3.1 Participants and Procedures
3.1.1 Participants
12 researchers (P1–P12, five females, seven males, ages: three from 18 to 24, nine from 25 to 34) were recruited from different disciplines, including medical and health sciences, computer science, social science, natural sciences, and mathematics. Nine obtained PhD degrees, and three were PhD researchers. All of them had extracted data (e.g., interventions and outcomes) from literature, 10 of which had further statistically analyzed data or narratively synthesized data. Seven rated themselves as very experienced, where they had led or been involved with the extraction and synthesis of both quantitative and qualitative data across multiple types of reviews. Five had expert levels of understanding and usage of computer technology for research purposes, and seven rated themselves at moderate levels.
3.1.2 Procedures
Before the interviews, we asked the participants to finish a pre-task survey, where we collected their demographics, experience with literature data extraction and synthesis, and understanding and usage of computer technology. Then, we conducted 50-min interviews with individuals over Zoom. During the interviews, we inquired about the participants’ (1) their general workflow for data extraction from literature, desired organization format of data; (2) what tools were used for data extraction and synthesis, and what their limitations are; (3) expectations and concerns about computer and AI support.

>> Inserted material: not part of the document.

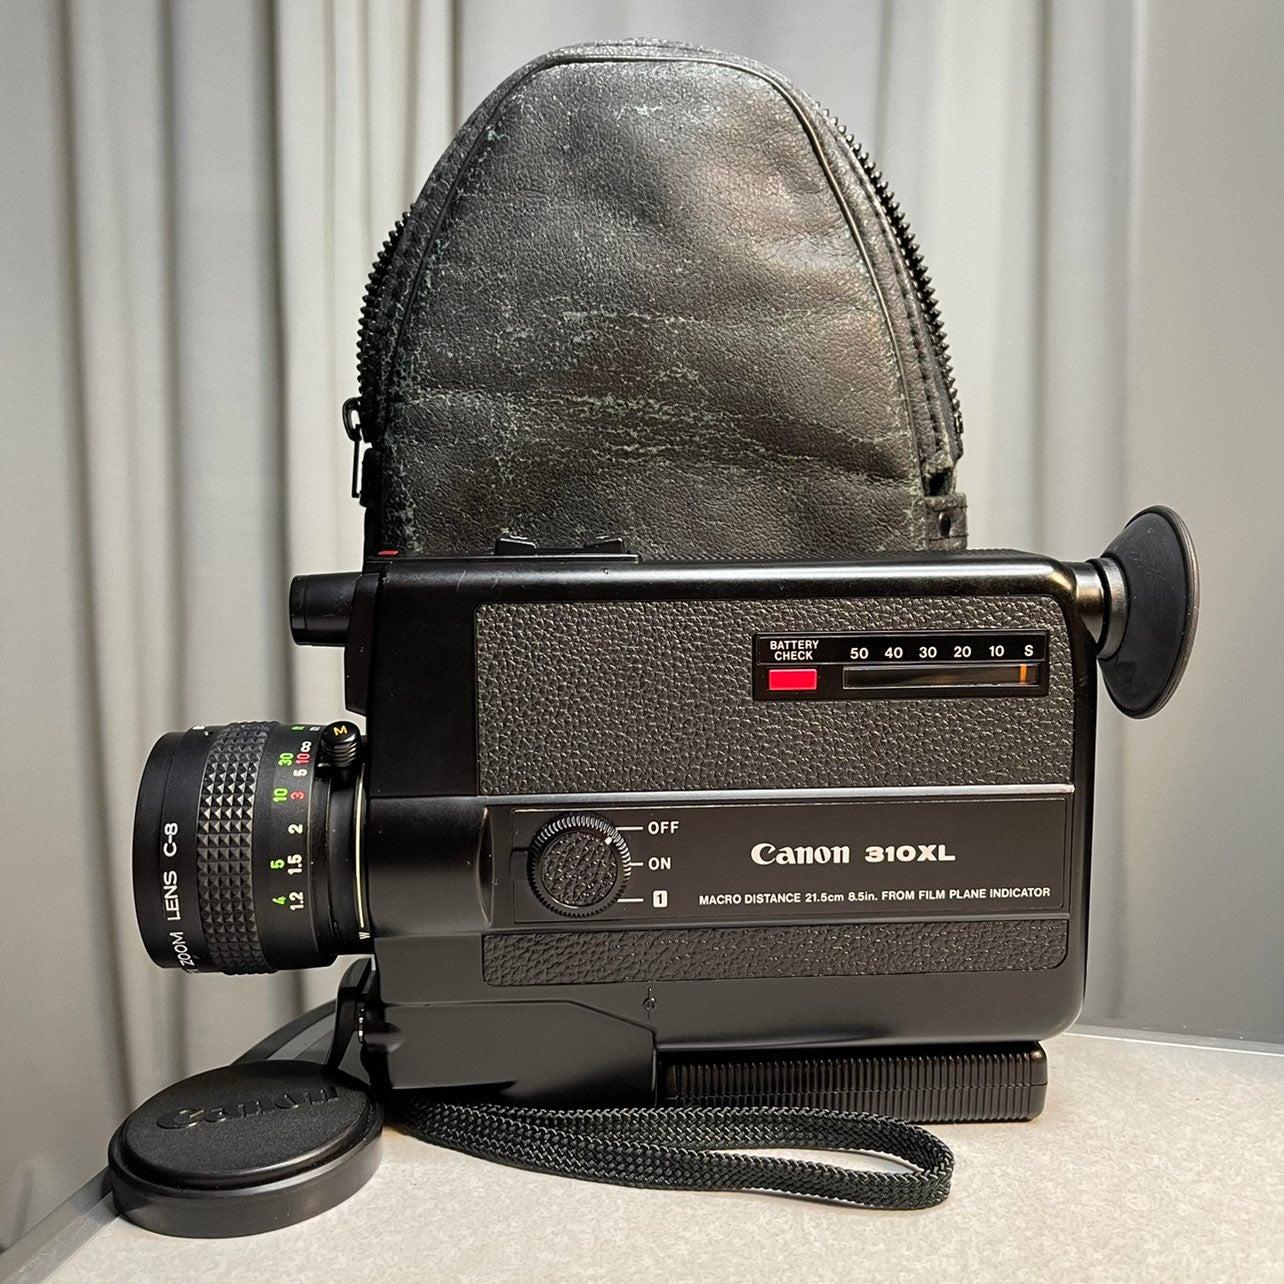 1975 Canon 310XL Super 8 Type 8mm Camera

3.2 Findings and Discussions
3.2.1 Workflow and Tools
After getting the final pool of included papers, participants first created a data extraction form (e.g., fields) to capture relevant information related to their research questions, such as data, methods, interventions, and outcomes. Then, they went through individual papers, starting with a high-level review of the title and abstract. Afterward, participants manually distilled and synthesized the relevant information required on the form. The data synthesis process often involved iterative refinement, where participants might go back and forth between different papers to update the extraction form or refine previous extraction results.
Common tools used by participants included Excel (9/12) and Covidence or Revman (4/12) for organizing forms and results of data extraction. Some participants also used additional tools like Typora, Notion, Python, or MATLAB for more specialized tasks or to enhance data organization. The final output of this process was structured data tables in CSV and XLSX format that provided a comprehensive representation of the knowledge extracted from the literature.
3.2.2 Challenges
Time-consuming to manually retrieve and summarize relevant data within the literature. Participants found it time-consuming to extract different types of data, including both qualitative and quantitative data, located in different parts of the papers, such as text snippets, figures, and tables. P1 commented, “Sometimes, numbers and their units are separated out at different places.” The time cost further increases when facing “many papers” (7/12) to be viewed, “long papers” (5/12), or papers targeting very specialized domains they are not so familiar with (5/12). P3 added, “When information is not explicit, such as limitations, I need to do reasoning myself.” P5 said, “It takes much time for me to understand, summarize, and categorize qualitative results and findings.”
Tedious and repetitive manual data entry from literature to data tables. After locating the facts and relevant information, participants need to manually input them into the data tables, which is quite low-efficiency and tedious. P3 pointed out, “…the data is in a table (of a paper), I need to memorize the numbers, then switch to Excel and manually log it, which is not efficient and can cause errors.” P4 echoed, “Switching between literature and tools to log data is tedious, especially when dealing with a large number of papers, which is exhausting.”
Significant workload to resolve data inconsistencies and variations across the literature. Almost all participants mentioned the great challenges of handling inconsistencies and variations in data, such as terminologies, abbreviations, measurement units, and experiment conditions, across multiple papers. It was hard for them to standardize the language expressions and quantitative measurements. P7 stated, “Papers may not use the same terms, but they essentially describe the same things. And it takes me lots of time to figure out the groupings of papers.” P9 said, “I always struggle with choosing what words to categorize papers or how to consolidate the extracted information.”
Inconvenient to maintain connections between extracted data and the origins in literature. The process of data extraction and synthesis often requires iterative review and refinement, such as resolving uncertainties and addressing missing information by revisiting original sources. However, when dealing with numerous papers and various types of information, the links between the data and their sources can easily be lost. Participants commonly relied on memory to navigate specific parts of papers containing the data, which is inefficient, unscalable, and error-prone. P8 admitted, “I can easily forget where I extract the data from. Then, I need to do all over again.”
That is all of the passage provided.